Nord-Kivu : l’escalade des violences alarme les humanitaires en RDC
Le territoire de Rutshuru, situé dans le Nord-Kivu, est le théâtre d’une détérioration alarmante de la sécurité. Entre mardi et mercredi, le 24 juin, une série d’incidents violents a été recensée, incluant l’enlèvement d’au moins dix individus, le décès de deux personnes, et le pillage de nombreux biens. Des organisations sur place lancent un appel pressant pour un retour rapide à la stabilité dans cette région de l’est de la République démocratique du Congo.
Ces événements préoccupants, qui ont touché au moins six localités, englobent des enlèvements ciblés, des attaques armées sur les axes routiers, des incursions dans des habitations civiles, et des affrontements entre divers groupes armés.
Dans la matinée du mercredi, entre 9h et 10h, pas moins de sept personnes ont été enlevées sur les tronçons Kibirizi-Rwindi, près de Butindiri, et Kibirizi-Kibingu. Parmi les victimes figuraient trois conducteurs de moto-taxi et leurs passagers. Les assaillants ont également dérobé dix-huit colis de poissons qui venaient d’être transportés depuis Vitshumbi. L’identité des responsables de ces enlèvements demeure inconnue à ce jour.
La veille, le mardi, trois autres personnes avaient été kidnappées. Deux d’entre elles ont été capturées lors d’une incursion armée dans une résidence du quartier Buzito, à Kiwanja, tandis que la troisième a été interceptée dans le quartier Majengo, à Kibirizi.
Également mardi, un camion transportant des marchandises pour des commerçants a été la cible d’une attaque sur l’axe Kanyabayonga-Rwindi. Des individus armés ont ouvert le feu pour contraindre le chauffeur à s’arrêter avant de s’emparer de la cargaison. Fort heureusement, aucune victime n’a été signalée lors de cette agression.
Le même jour, la localité de Kiseguro a été le théâtre d’un drame où une femme de 22 ans et son enfant ont perdu la vie. Selon les témoignages recueillis localement, ils auraient été atteints mortellement par des balles perdues au cours d’affrontements opposant les rebelles de l’AFC-M23 aux combattants des FDLR.
Par ailleurs, la Croix-Rouge de la RDC a fait part du décès de deux de ses volontaires, tués le 16 juin dernier dans le territoire de Walungu, au Sud-Kivu. Ces volontaires étaient en mission de supervision de travaux d’adduction d’eau potable dans le village de Kakumba lorsqu’ils ont été attaqués.

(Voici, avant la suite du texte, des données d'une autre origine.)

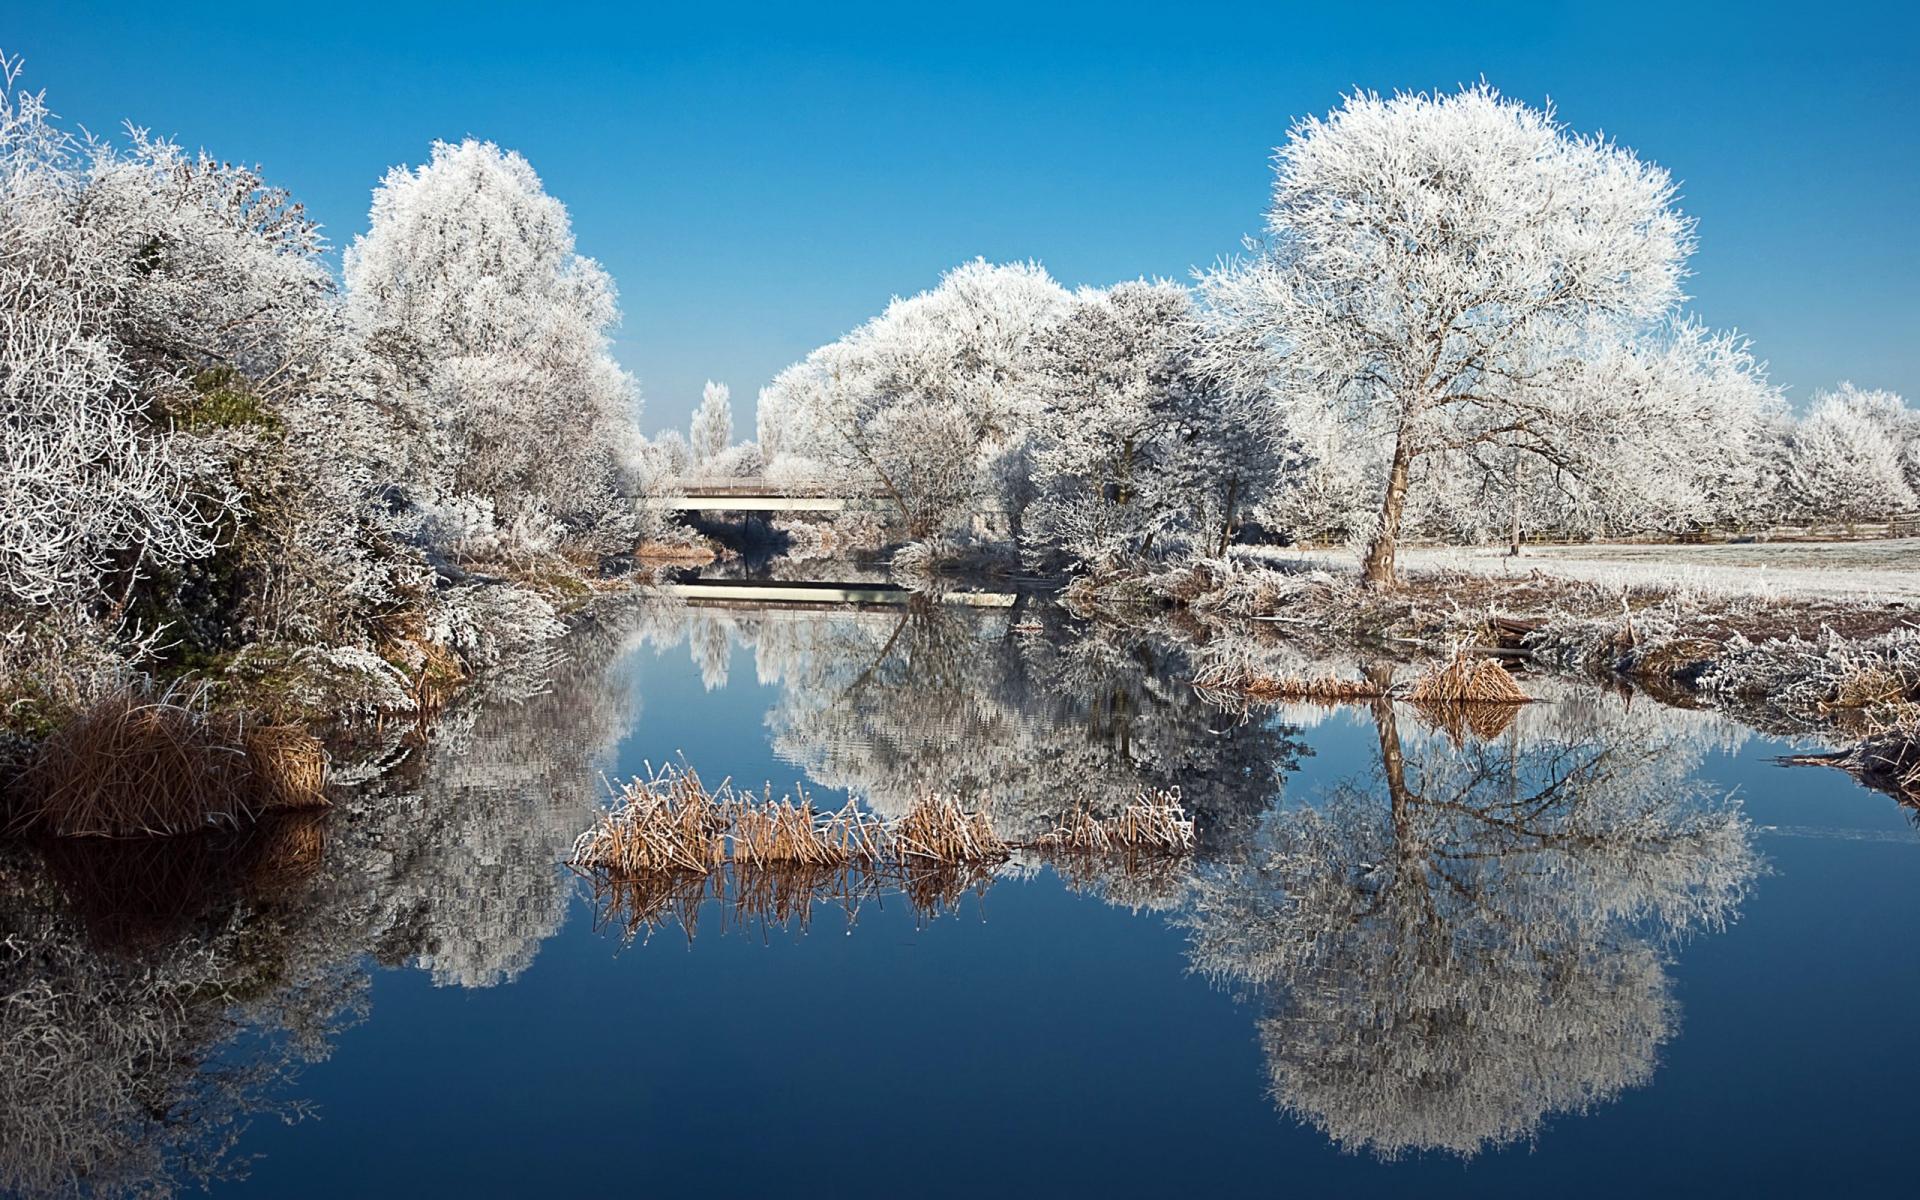 Картинки Мороз, деревья, озеро, отражение фото и обои на рабочий стол

Edgard Mateso, le président national de la Croix-Rouge en RDC, a exprimé sa ferme condamnation de cette attaque, la qualifiant de violation flagrante des principes humanitaires internationaux. Il a insisté sur le fait que ce tragique événement met en lumière les périls constants auxquels sont confrontés les travailleurs humanitaires œuvrant dans l’est du pays.